Все! Я нырнул!.. Через веранду, однако, пришлось пройти. Отец безмятежно спал, положив огромные свои ладони под голову… Слишком безмятежно: раза четыре, если по запаху судить, стоило бы ему проснуться! Но это уже все… в прошлом! Меня фактически нет! Нонна пришла с крыльца, со слезами на глазах… от ветра, видимо… или от дыма?
— Ты чувствуешь? — воскликнула она.
— Что именно? — я холодно осведомился, уже с сумкой в руках. — То, что ты накурилась, как паровоз, это чувствую.
— А это? — боязливо повела дрожащим подбородком своим в сторону бати.
— Ах, это… — Я откинул его одеяло — все мокро. — Ну это пусть пока будет так, — сообщил с улыбкой.
— Так?
— Именно, — ласково уточнил.
— И так… жить?
— Ну а как же еще? Если иначе вы не умеете — значит, так.
— И сколько же?
— Ну-у… Видимо, до моего приезда.
— А когда ето будет… твой приезд?
— Ну-у… э-э-э… — С этим нечленораздельным мычанием хотел вытечь. Но тут вдруг, сбросив одеяло, уселся отец. Атмосфера, прямо скажем, сгустилась.
— Отец!
Некоторое время он молчал, вполне дружелюбно, потом ласково осведомился:
— Ты что-то сказал?
— Сказал я, сказал. А ты что наделал?!
— Что именно? — интеллигентно осведомился он.

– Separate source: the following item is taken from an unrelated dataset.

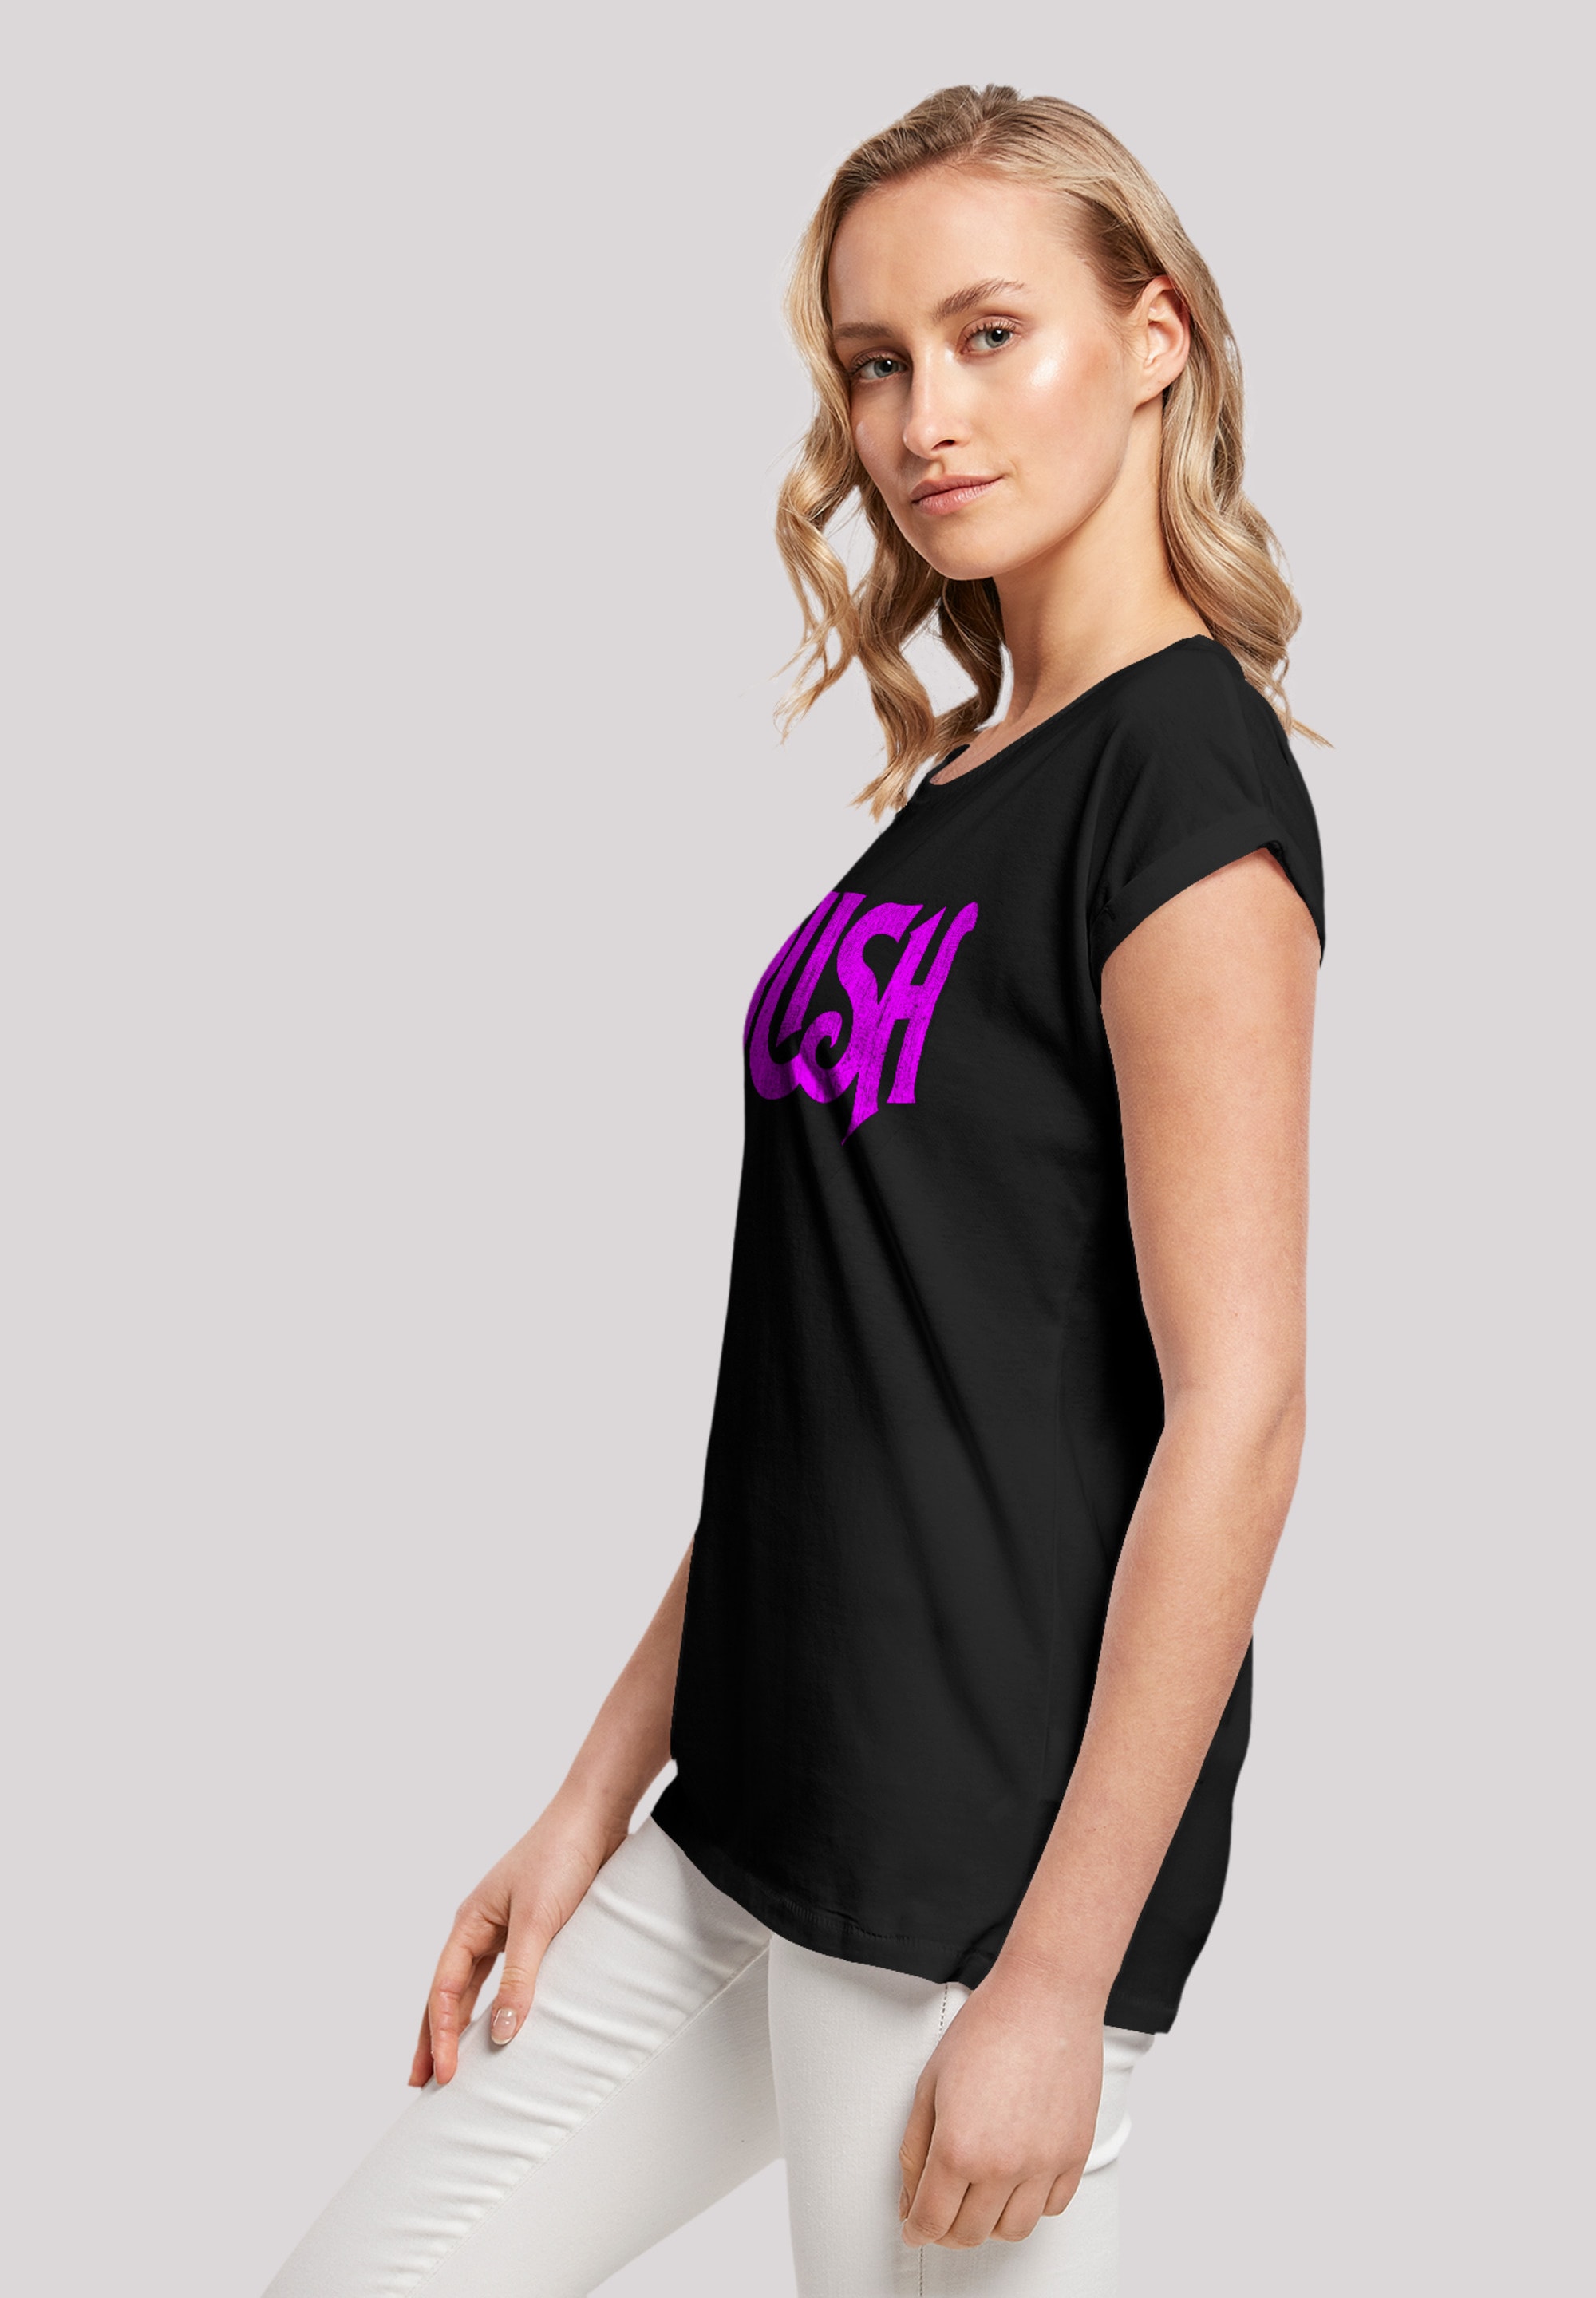 Band Premium »Rush | F4NT4STIC I\'m T-Shirt walking Logo«, Qualität Rock Distressed

— Не видишь, да? — ухватив, приподнял его в ярости, выдернул разукрашенную им мокрую простыню. Резко посадив его, скатал трусы с его тела. Слегка отворотясь, кинул все это кучей у входа. Потом снова вздернул его.
— Не молоти отца-то! — жалобно произнес он.
— Никто тебя не молотит!.. Стой так. И вот — бери в одну руку свою банку… прежде крышку отвинти… так. А в другую руку… свой орган бери… Замечательно! О чем ты задумался? Думать будешь, когда я уйду. И будет это очень скоро! А пока — исполняй… Ну что ты опять задумался? Всю вечность я не буду под мышки тебя держать! Вот! — прислонил его к стенке. — Бывай!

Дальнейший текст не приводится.